:: Data provided ::
......

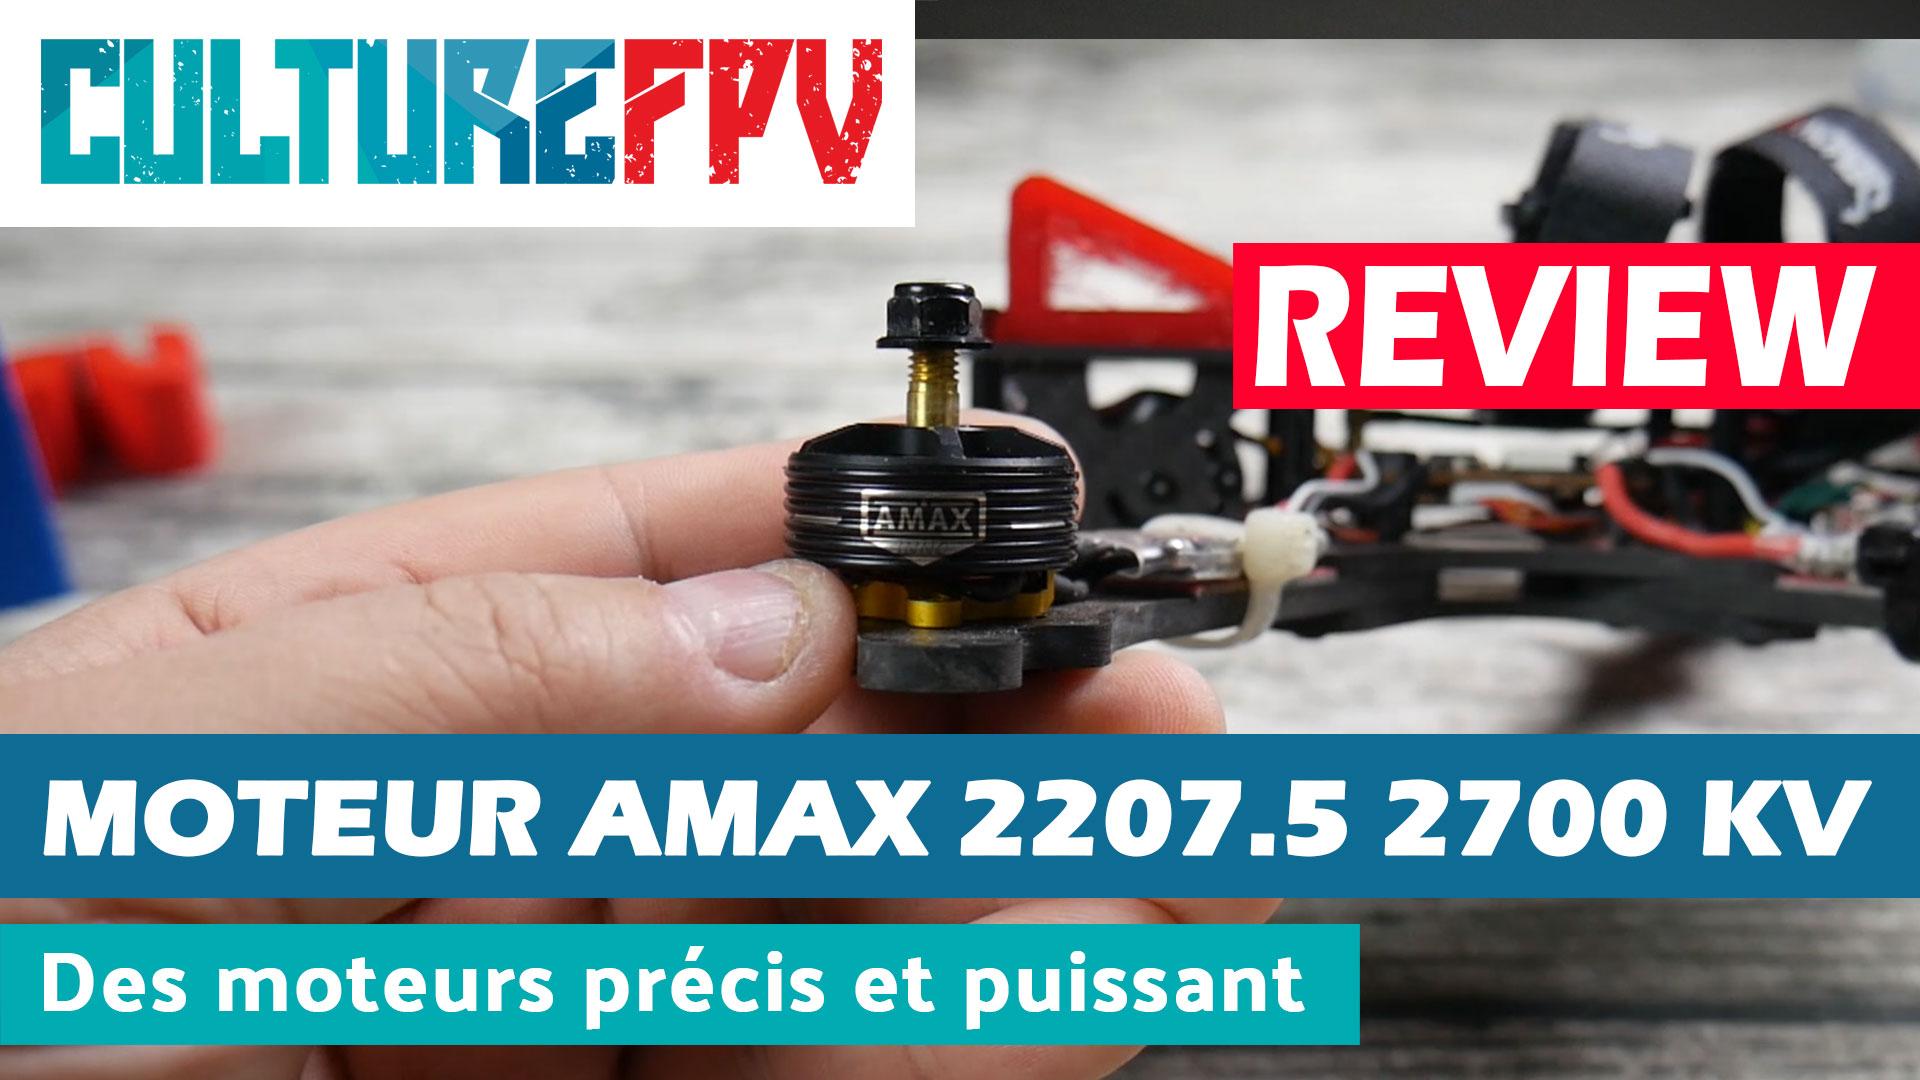 AMAX 2207.5 2700 KV
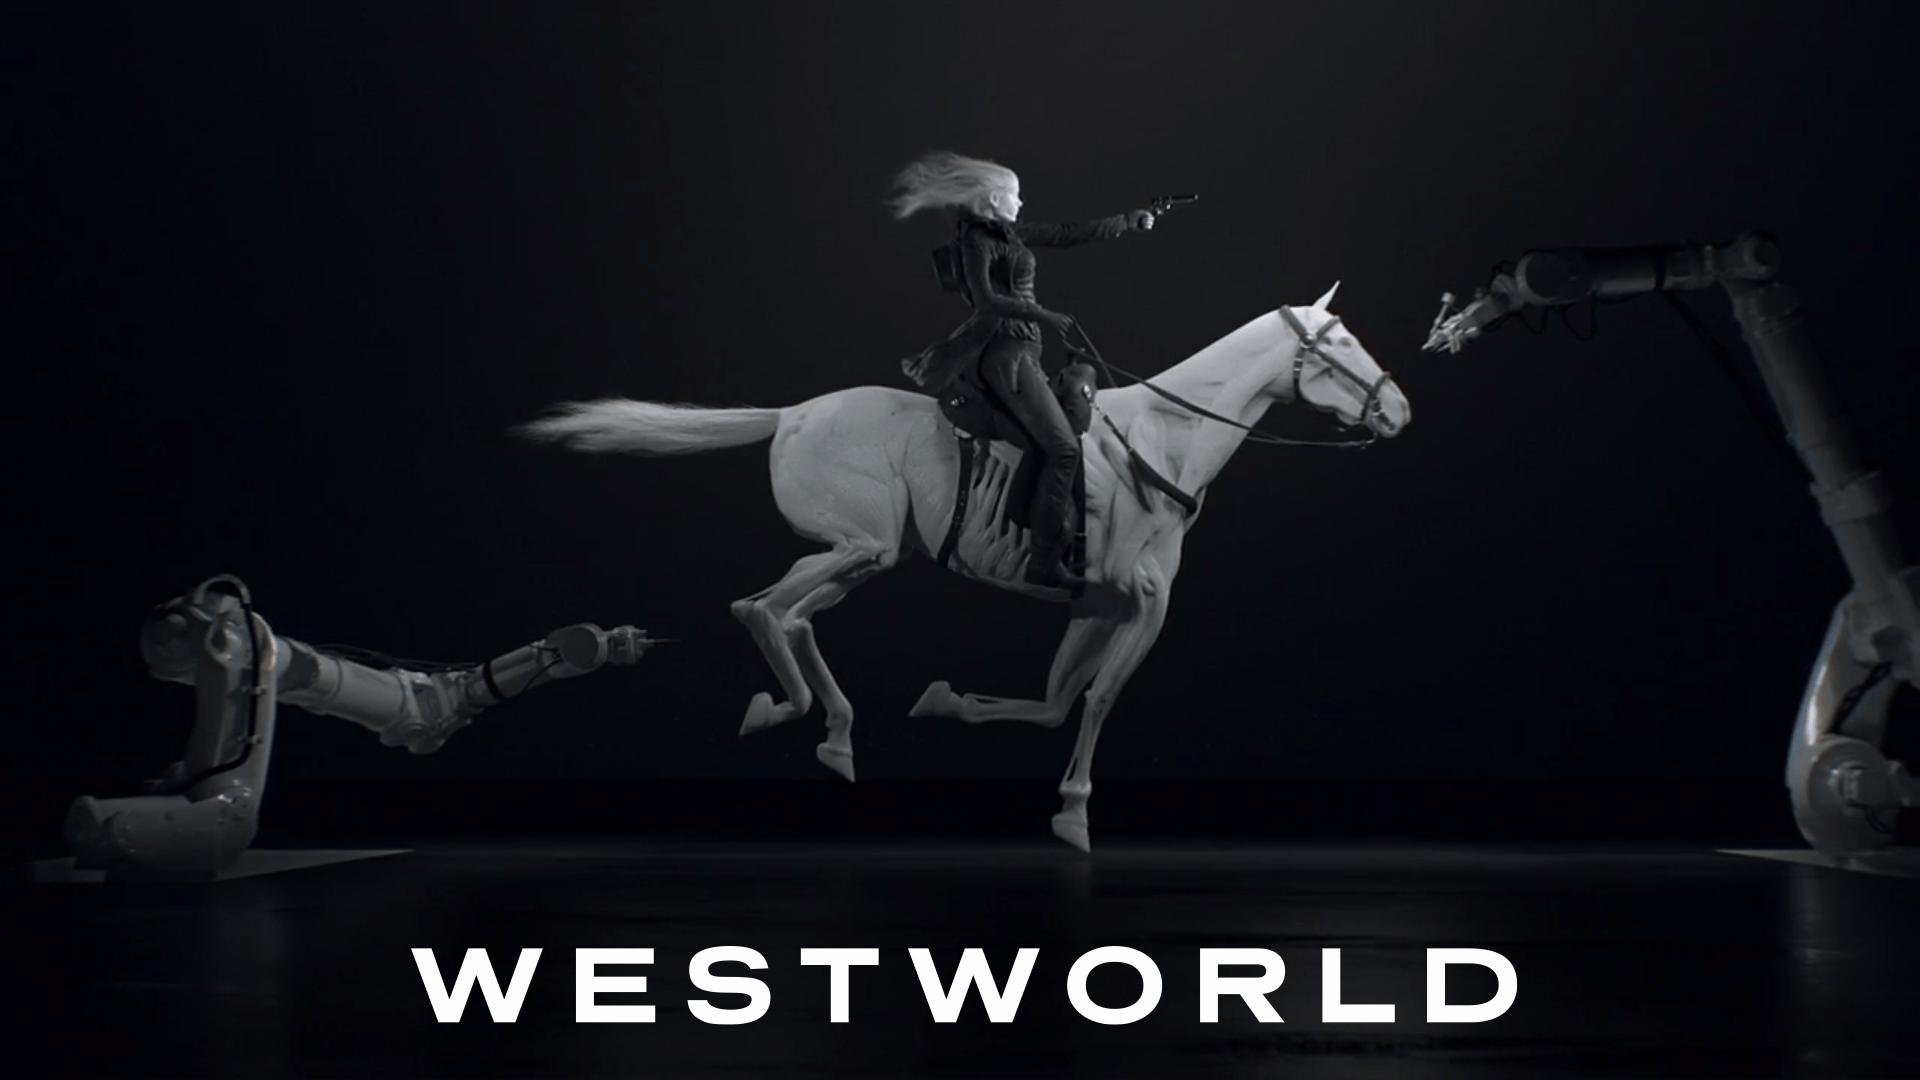 westworld 2 tv show desktop wallpaper 64252
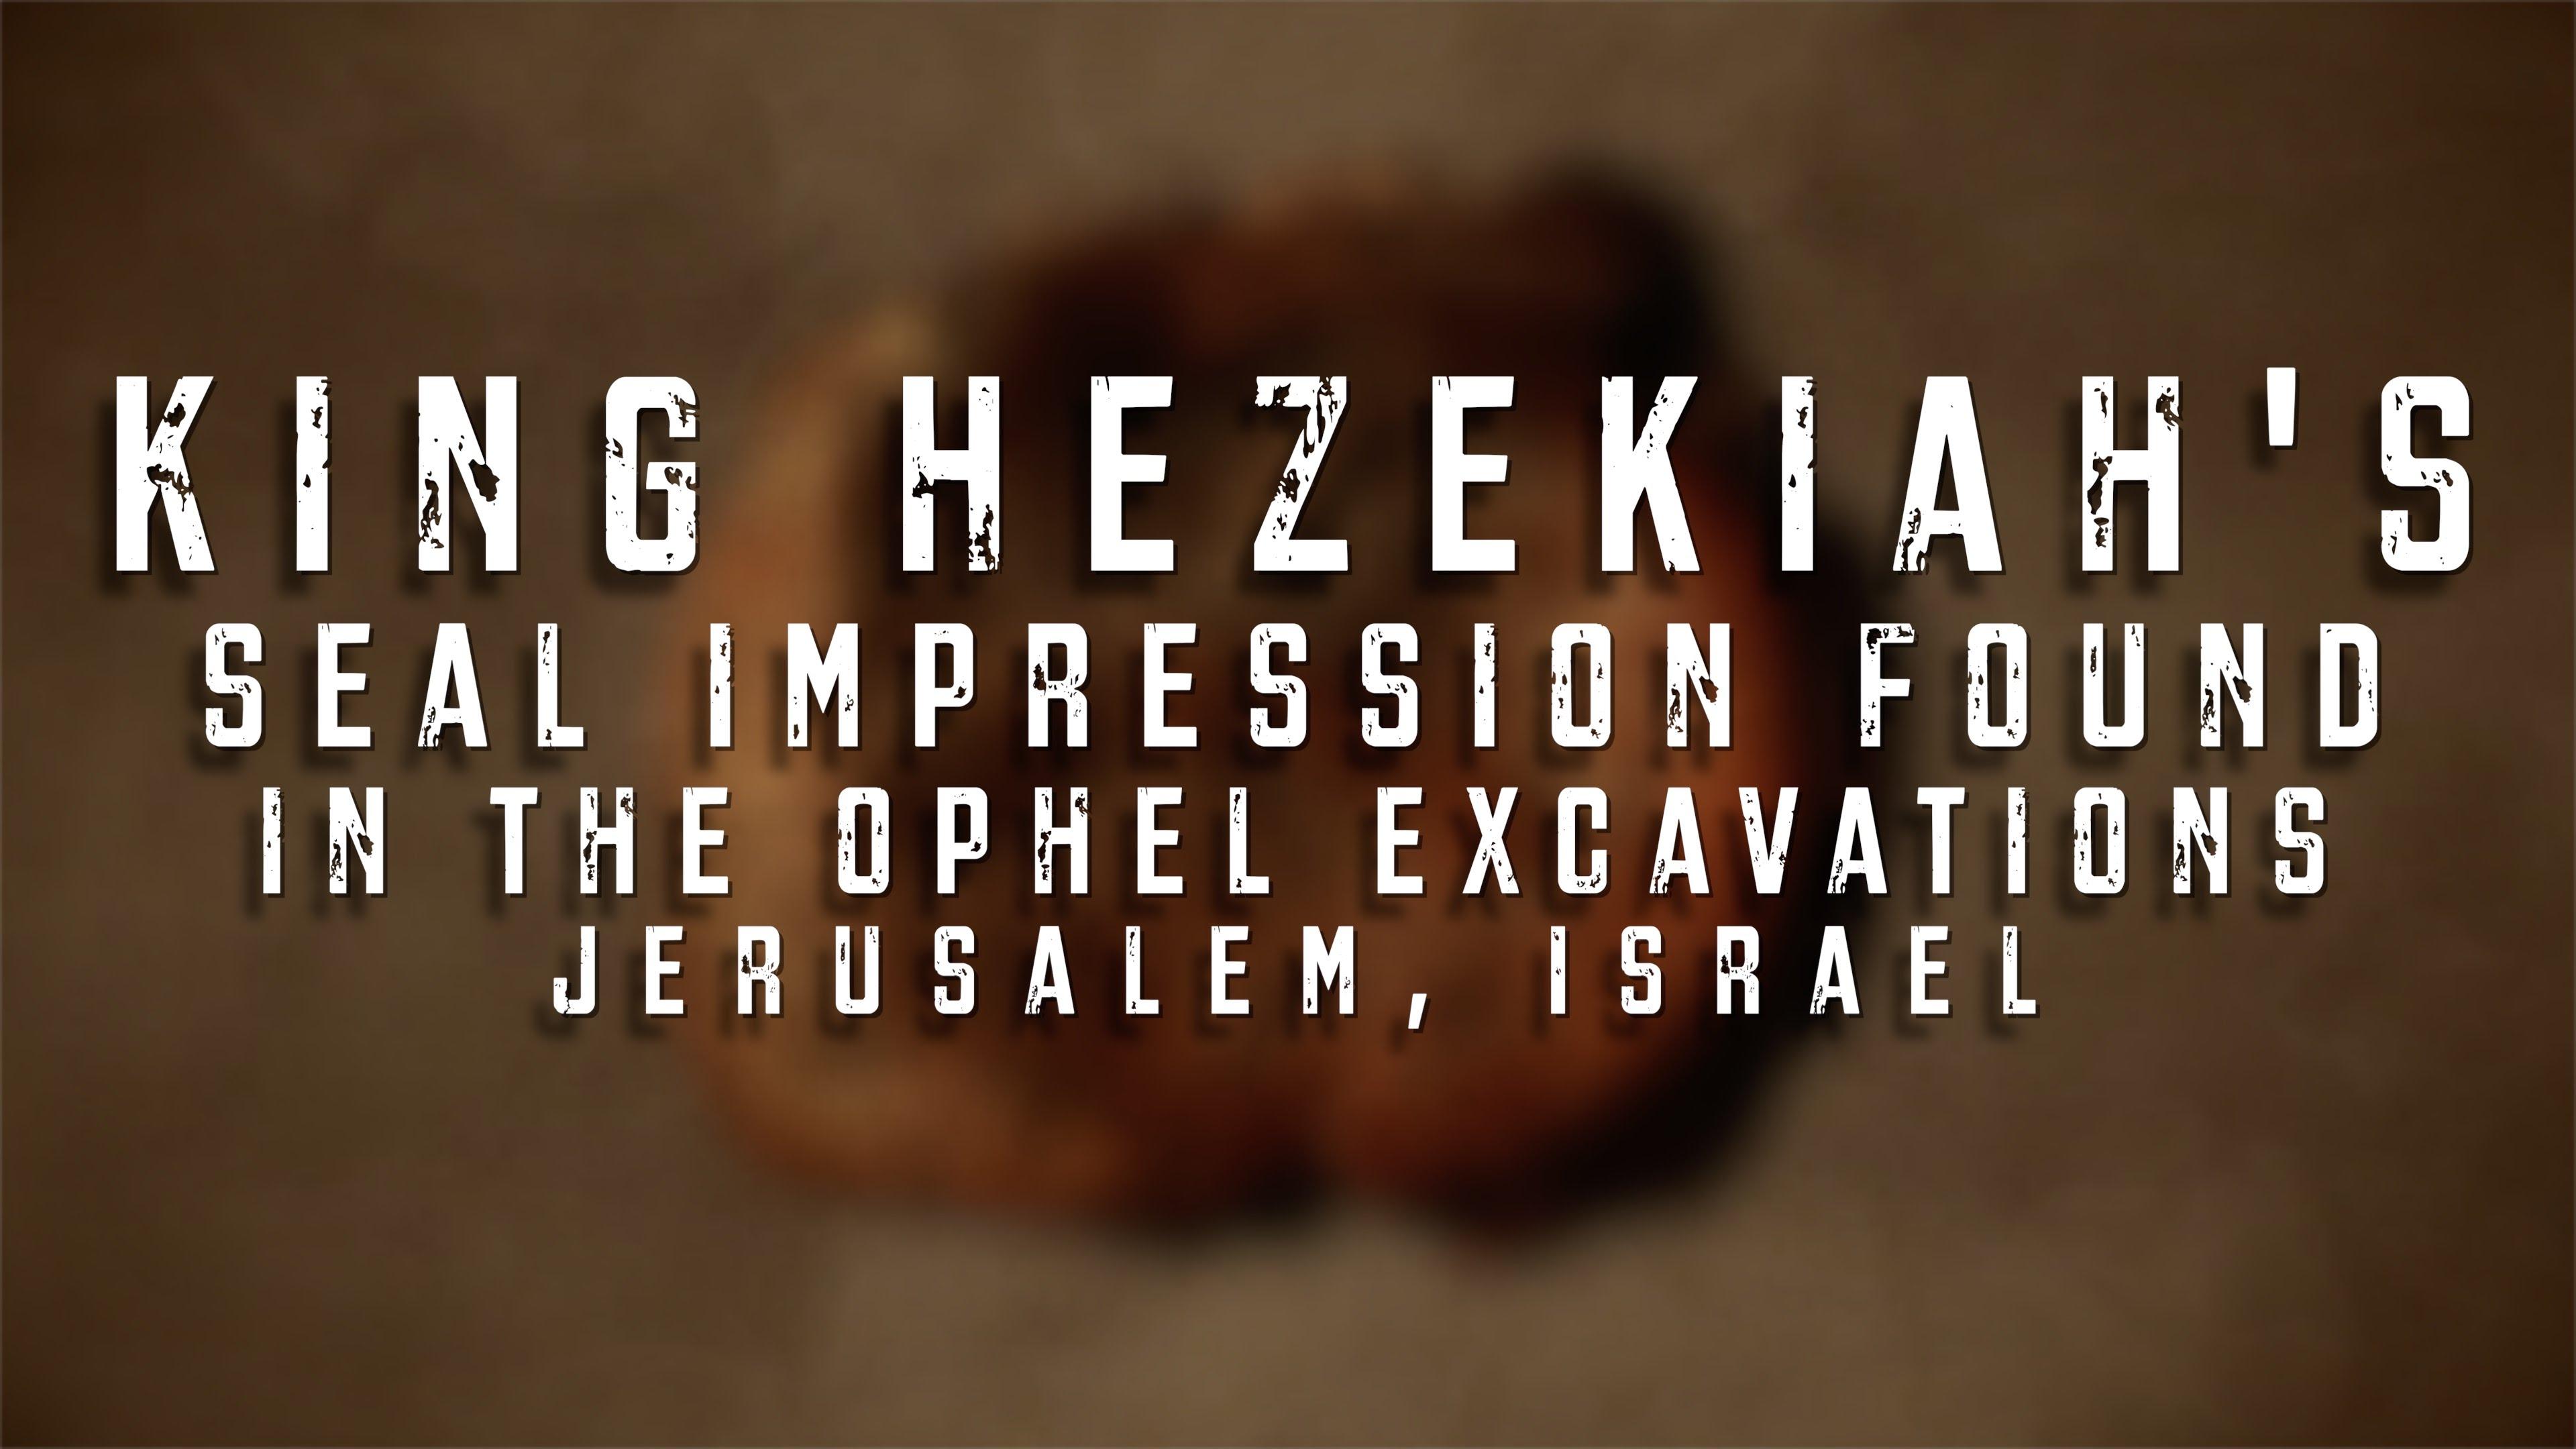 Hezekiahs seal

......

:: Your assignment ::
What belongs in the answer is each line above, reproduced exactly, and no picture.

:: Result ::
 AMAX 2207.5 2700 KV
 westworld 2 tv show desktop wallpaper 64252
 Hezekiahs seal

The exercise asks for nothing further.